(Input)
# # # #

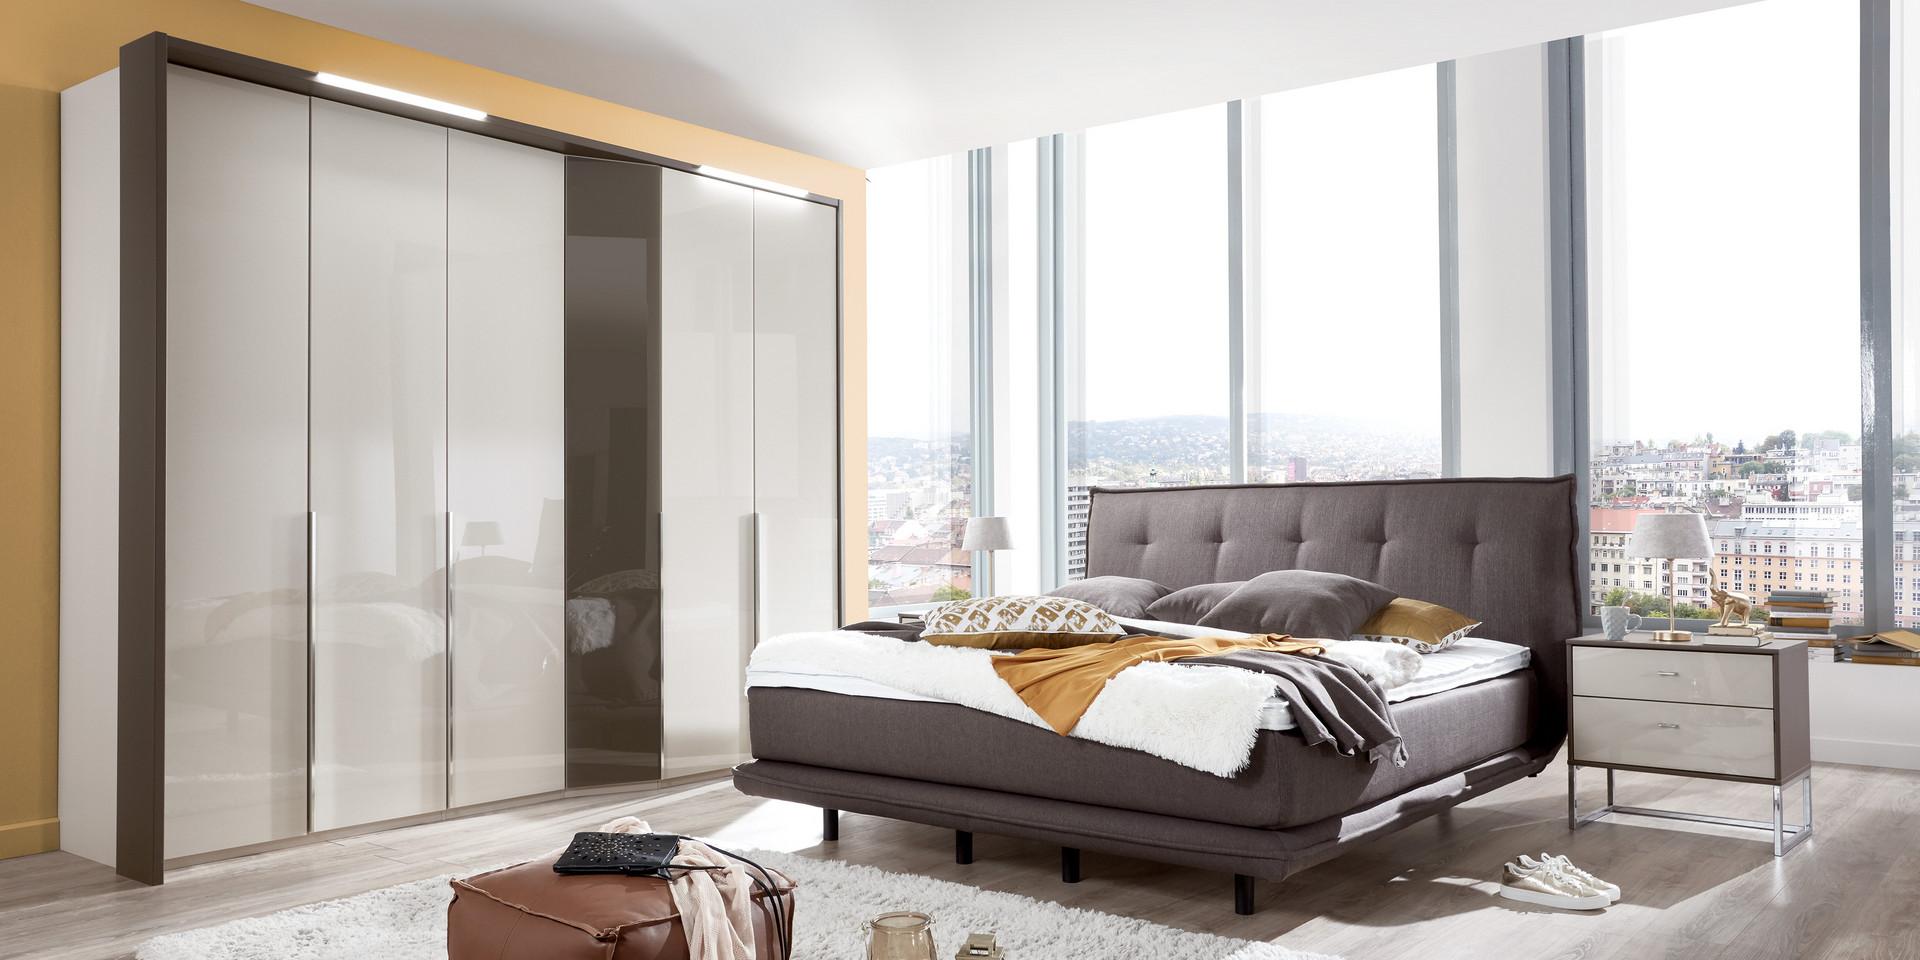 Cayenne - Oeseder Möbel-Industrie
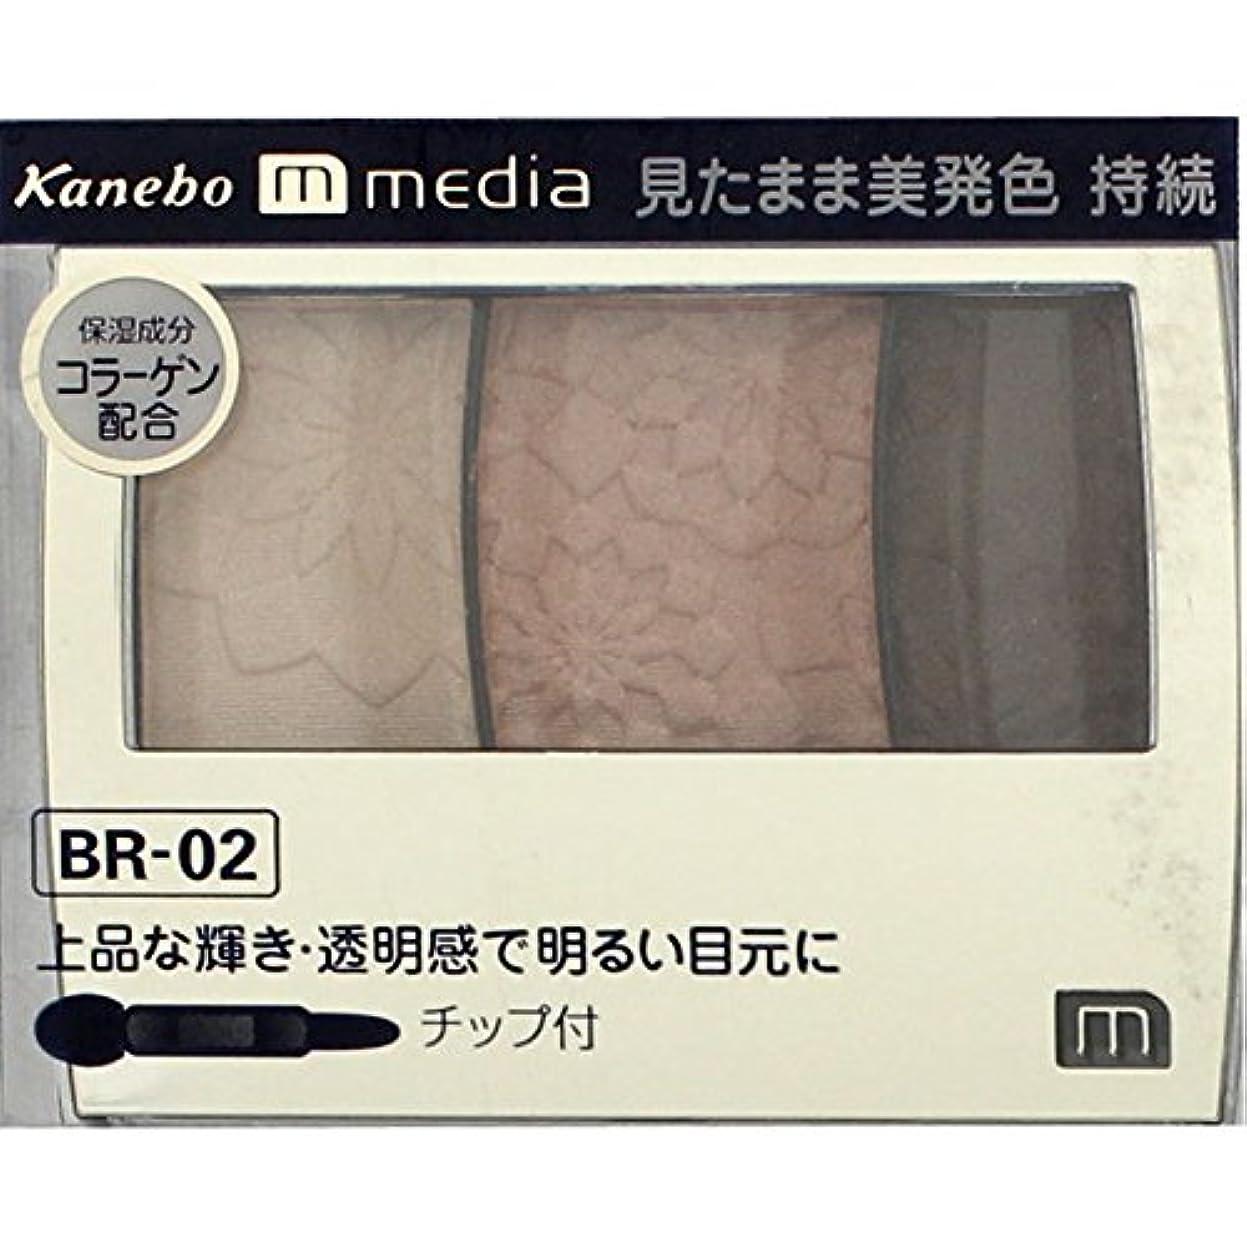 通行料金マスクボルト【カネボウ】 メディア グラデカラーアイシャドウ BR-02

# # # #

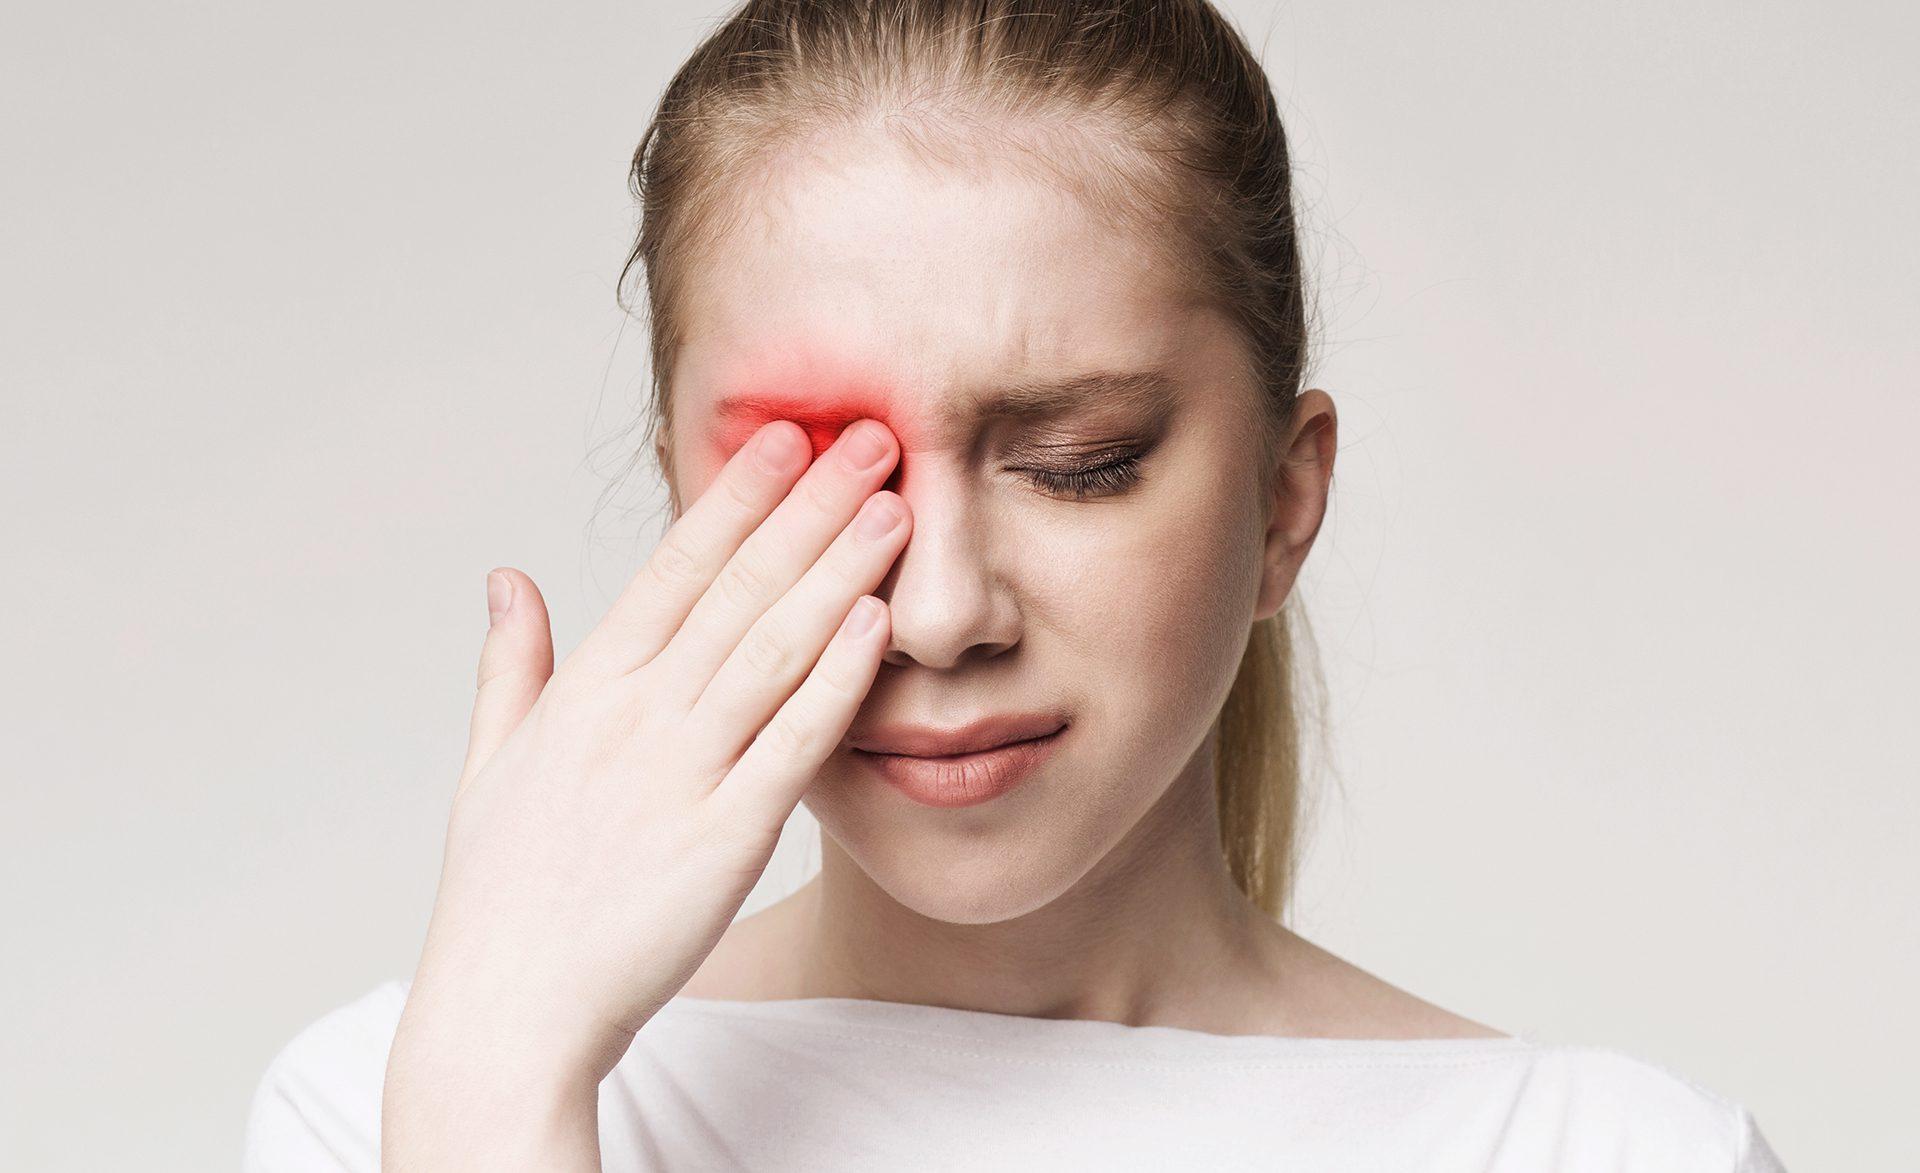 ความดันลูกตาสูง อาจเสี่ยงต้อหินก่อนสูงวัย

# # # #

(Task item) Although pictures appear among the records above, write out exactly only the lines from the one that has "Cayenne - Oeseder Möbel-Industrie" through the one that has "通行料金マスクボルト【カネボウ】 メディア グラデカラーアイシャドウ BR-02", and leave the pictures out.

(Answer to this problem)
 Cayenne - Oeseder Möbel-Industrie
 通行料金マスクボルト【カネボウ】 メディア グラデカラーアイシャドウ BR-02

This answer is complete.